Потом случилась трагедия на Дальнем Востоке, когда затонул батискаф, в нем было 7 человек. Это был 2005 год. Все моментально вспомнили «Курск». Трагедия как будто повторялась. Первые 6 часов власть говорила: так, помощь иностранная нам не нужна, это довольно простая история, мы там справимся сами… Я в этот день был дежурным журналистом в редакции. Меня просят срочно писать эту новость. Я пишу: «Кажется, власть хочет повторить сценарий…» Шеф-редактор, прочитав это, говорит: нет, ты что, ни в коем случае, вычеркивай это, никаких упоминаний о «Курске»! Я дошел до эфира, прочитал все как есть, включая эту фразу, после чего был большой скандал. Мне сказали, что через полчаса позвонили из администрации президента. Меня вызвал начальник канала, сказал, что выписывает мне штраф и отстраняет от эфира. Я уволился и не очень понимал, что мне дальше делать. Идти больше некуда, никаких интернет-порталов не было, ничего такого. И в этот момент я понял, что пришел логический конец. Пришло время уезжать в Израиль. И в 2006 году я уехал.

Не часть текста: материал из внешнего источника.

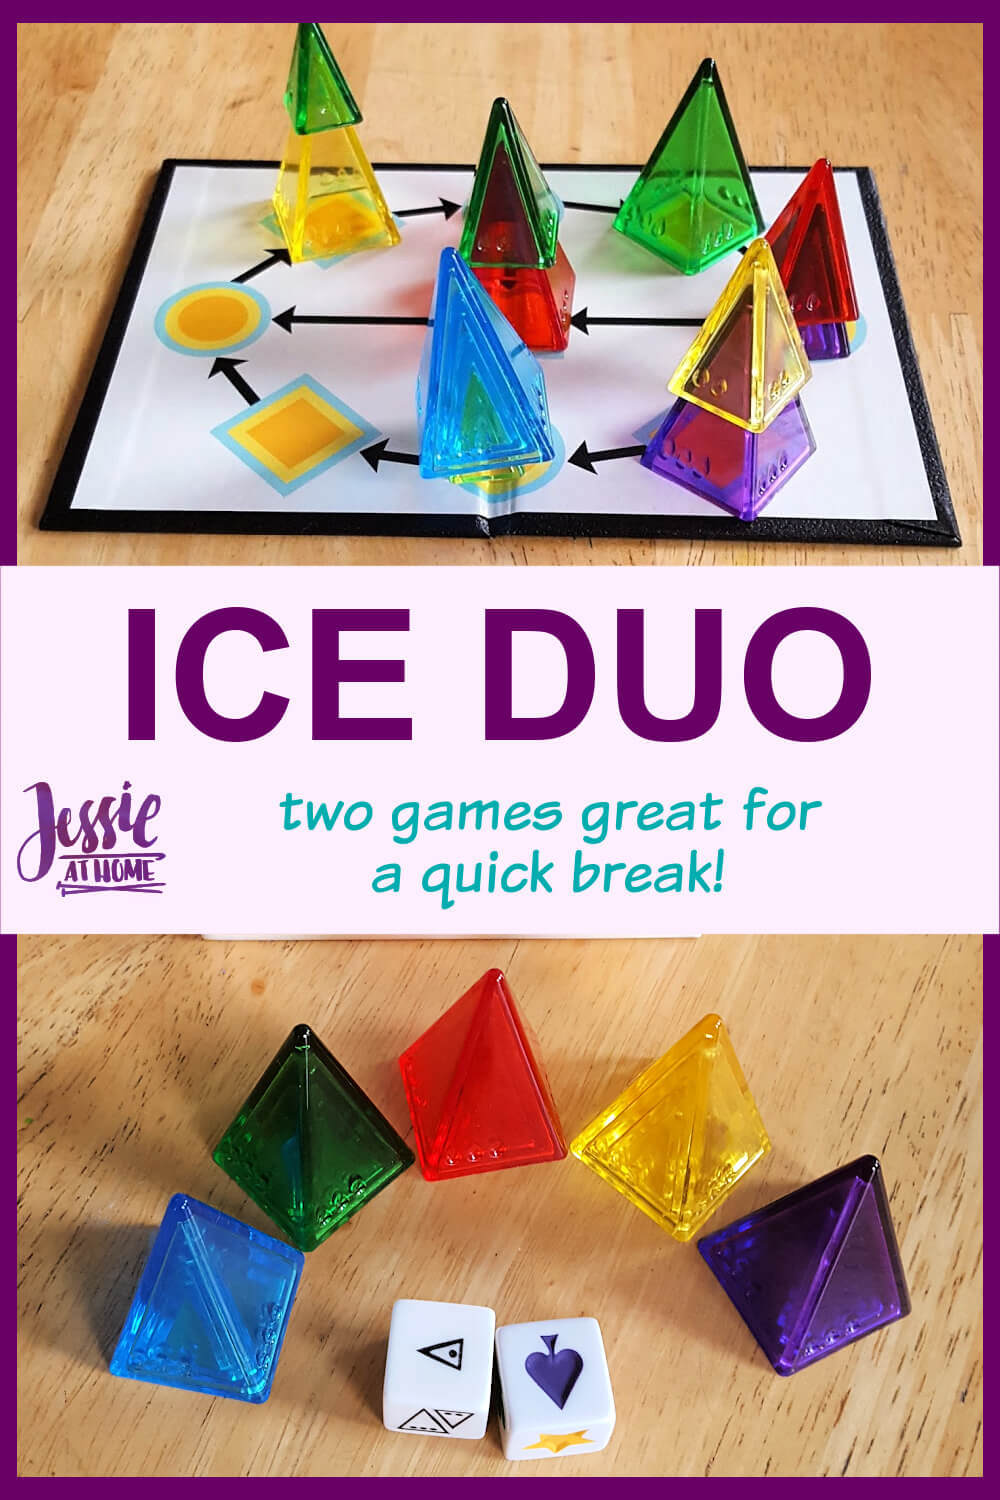 Ice Duo - two games that are great for a quick break!

2006 год — точно не самое популярное время для алии из России. Основные волны были до и будут после. Ты уехал в этакое межсезонье.

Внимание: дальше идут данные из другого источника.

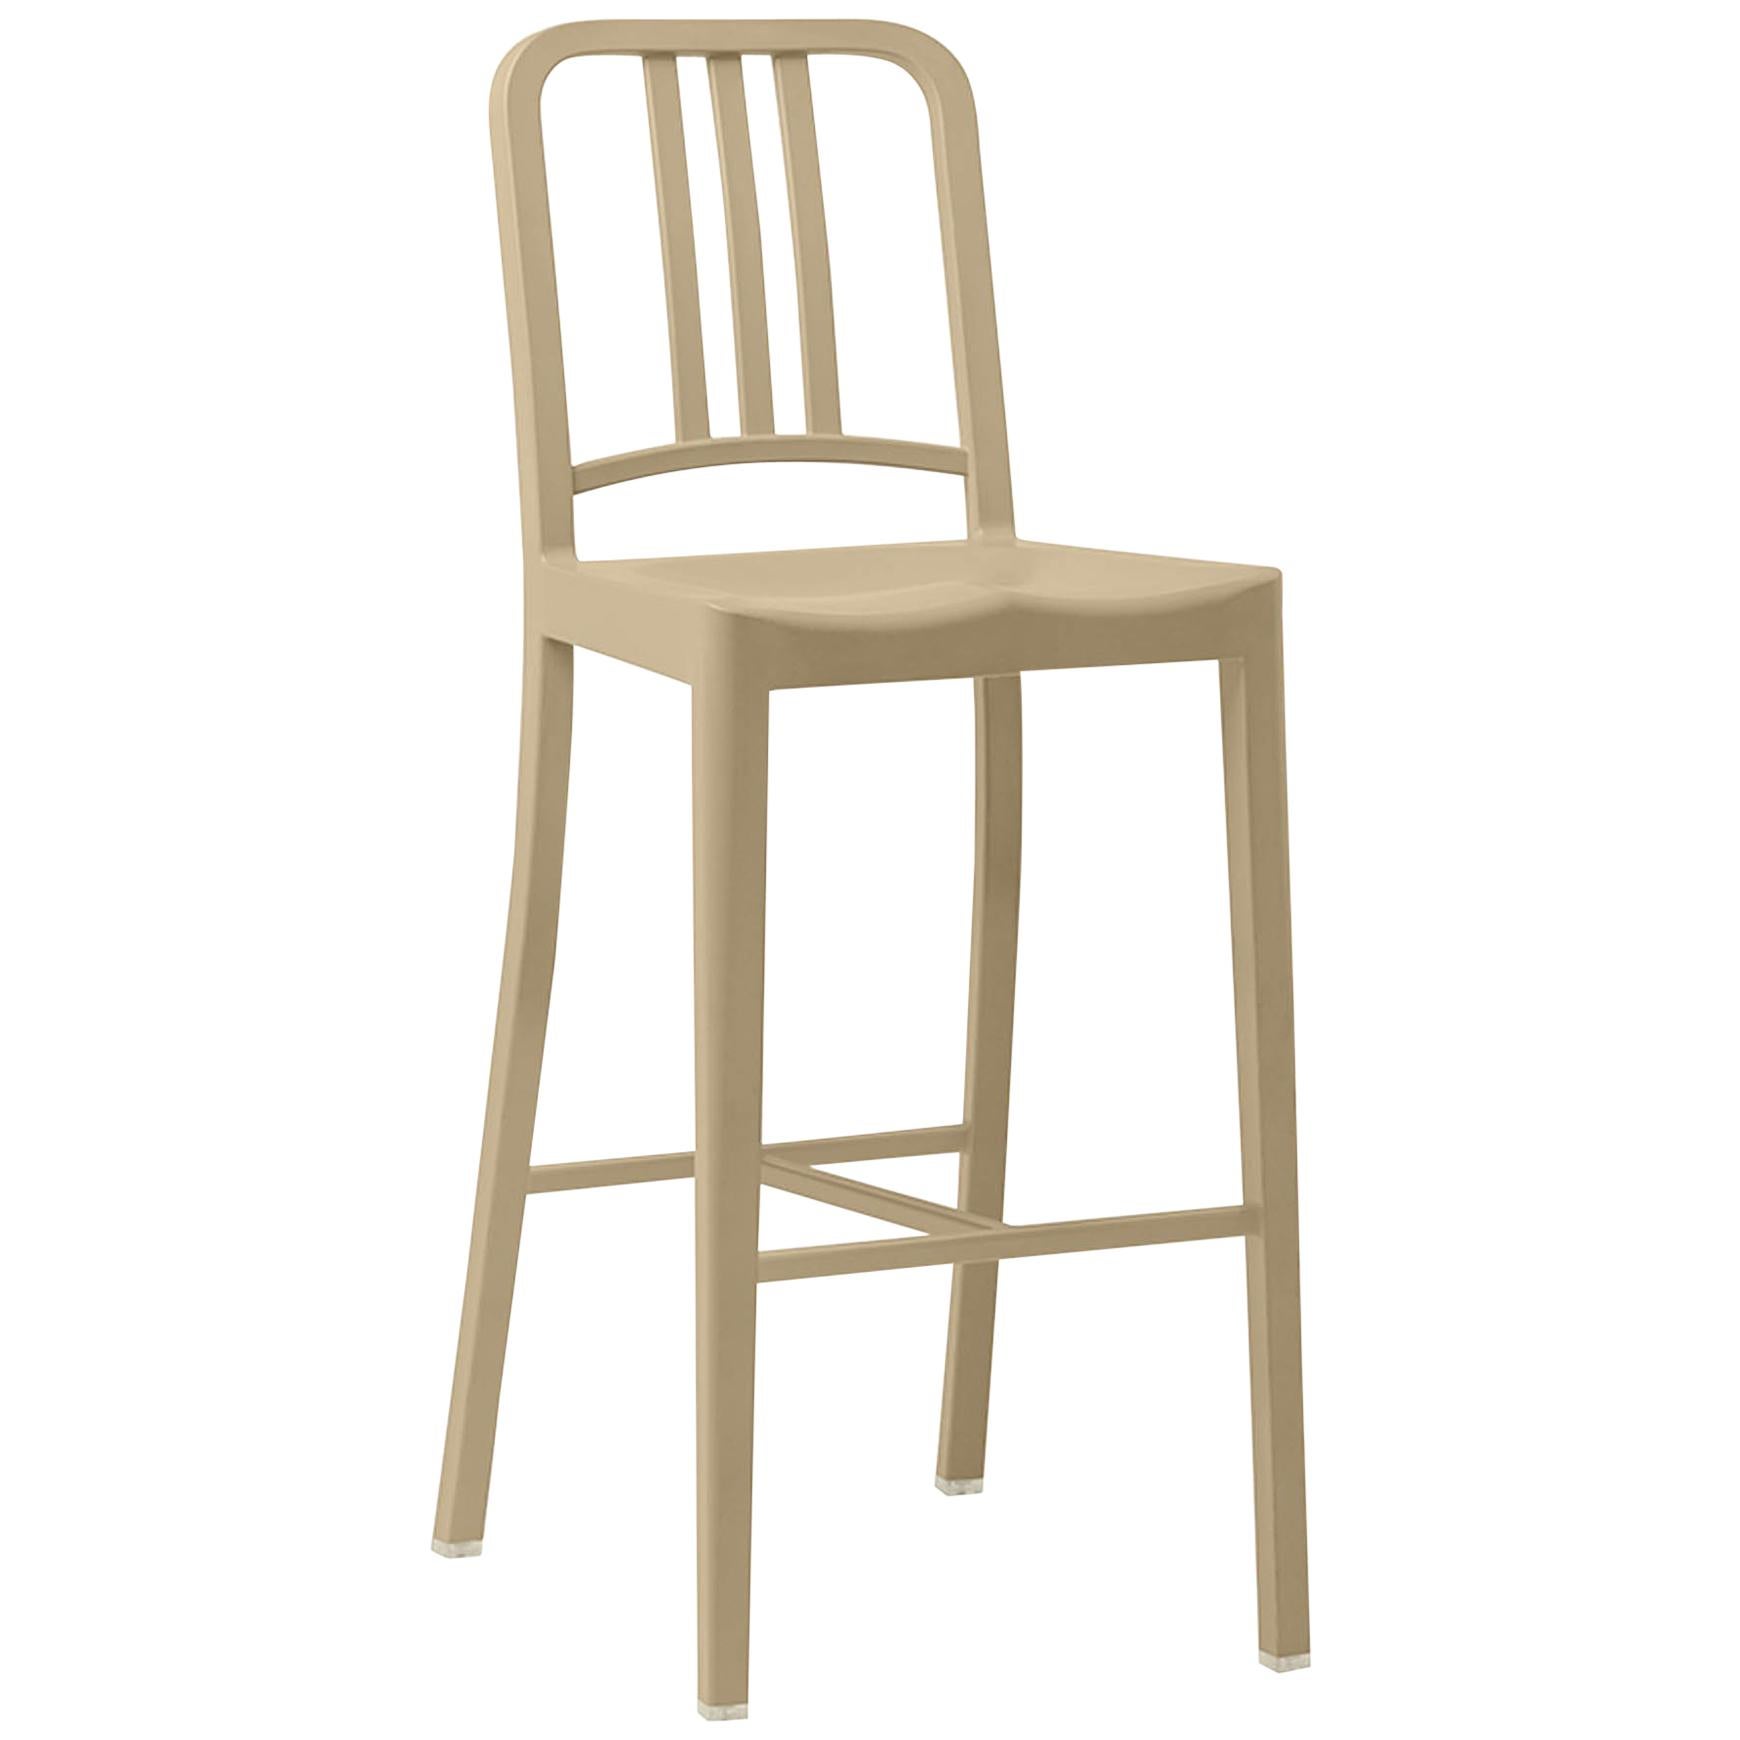 Emeco 111 Navy Barstool in Beach by Coca-Cola For Sale

В Израиле очень удивлялись, когда узнавали, что мы приехали из Москвы. Потому что тогда многие ехали в противоположную сторону. Деньги и дела у русскоязычных евреев были скорее в Москве, чем в Тель-Авиве.

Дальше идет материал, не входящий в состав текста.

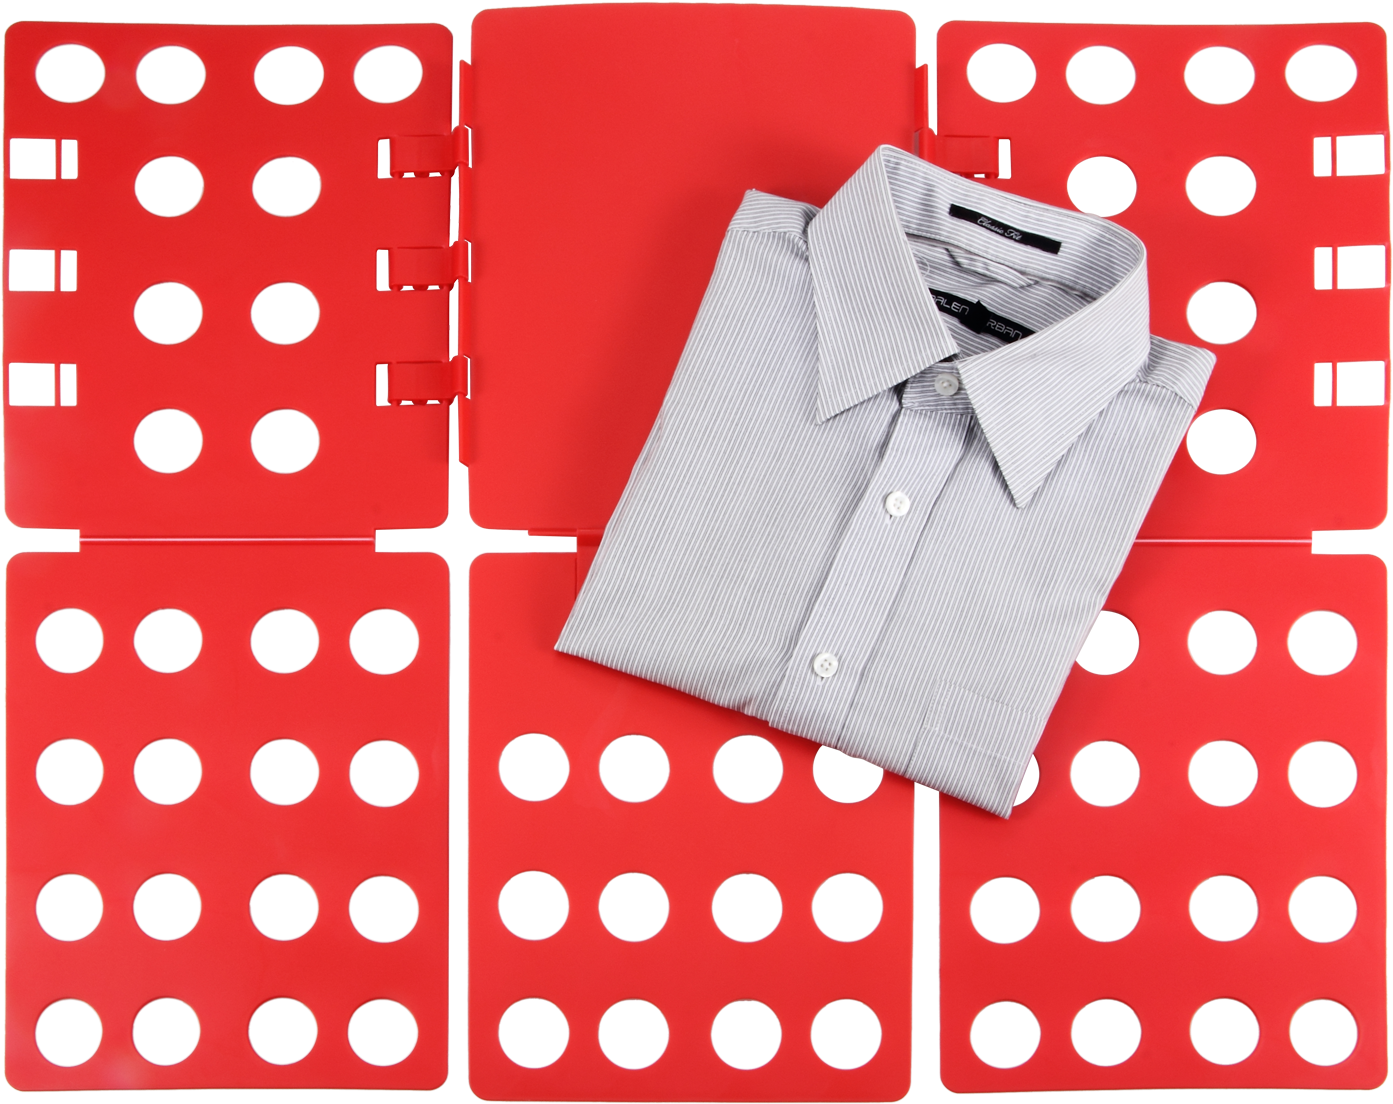 A Folded Shirt On A Red Surface

А ты, значит, поехал из мегаполиса в кибуц.

Буквально. Кибуц в горах недалеко от Тверии.

Никакого моря рядом. 

Без моря, но ты видишь с этой горы озеро Кинерет. У тебя на улице 45 градусов летом. Я, жена и маленький ребенок.

Накопления были?

Нет, никаких накоплений не было, ничего у нас не было. Мы приехали в марте. А в июне началась Вторая ливанская война.

Ага, в своей естественной среде, значит, оказался. 

Вот-вот. Когда я женился, мне Полина сказала: я женщина крепкая, но не могу постоянно переживать за мужа. Поэтому давай мы сделаем так, чтобы твои военные командировки были максимально ограничены.

И вот теперь военные командировки сами приехали в вашу повседневную жизнь.

Да. В Израиле началась война. Я сказал: о, я это знаю! Она сказала: е*твоюмать! И да, мы жили в кибуце, над которым летали ракеты, потому что обстреливали тогда уже до Нетании. Тверию бомбили. Как раз над нашими головами все это пролетало. Мы перебрались южнее.

Поближе к Газе?

Поближе к Газе, да. Мы отъехали в центр страны. Война идет. У меня руки чешутся. Я пошел устраиваться в телик. В Израиле было два русскоязычных канала: RTVi и 9-й канал. Я пришел на 9-й канал.

Вот моя кассета!

Да! Они ее посмотрели. Говорят: слушай, все здорово, ты иврит знаешь? А я два месяца здесь живу, какой иврит? Когда выучишь иврит, приходи. Я пошел к их конкурентам — на RTVi. Вставил кассету там. Начинай хоть завтра работать! Иврит не нужен. Так я продолжил заниматься журналистикой. Уже в Израиле.

Не пришлось мыть полы и наслаждаться радостями эмигрантской жизни.

Да, это удивительная история.

Редкая.

Как выяснилось потом, мне повезло, потому что у Израиля есть программа поддержки новых репатриантов. Если компания берет такого человека на работу, то первый год или первые полгода государство этой компании платит какой-то взнос. Налоги за меня не нужно было платить. 

А через полгода эта программа закончилась. И?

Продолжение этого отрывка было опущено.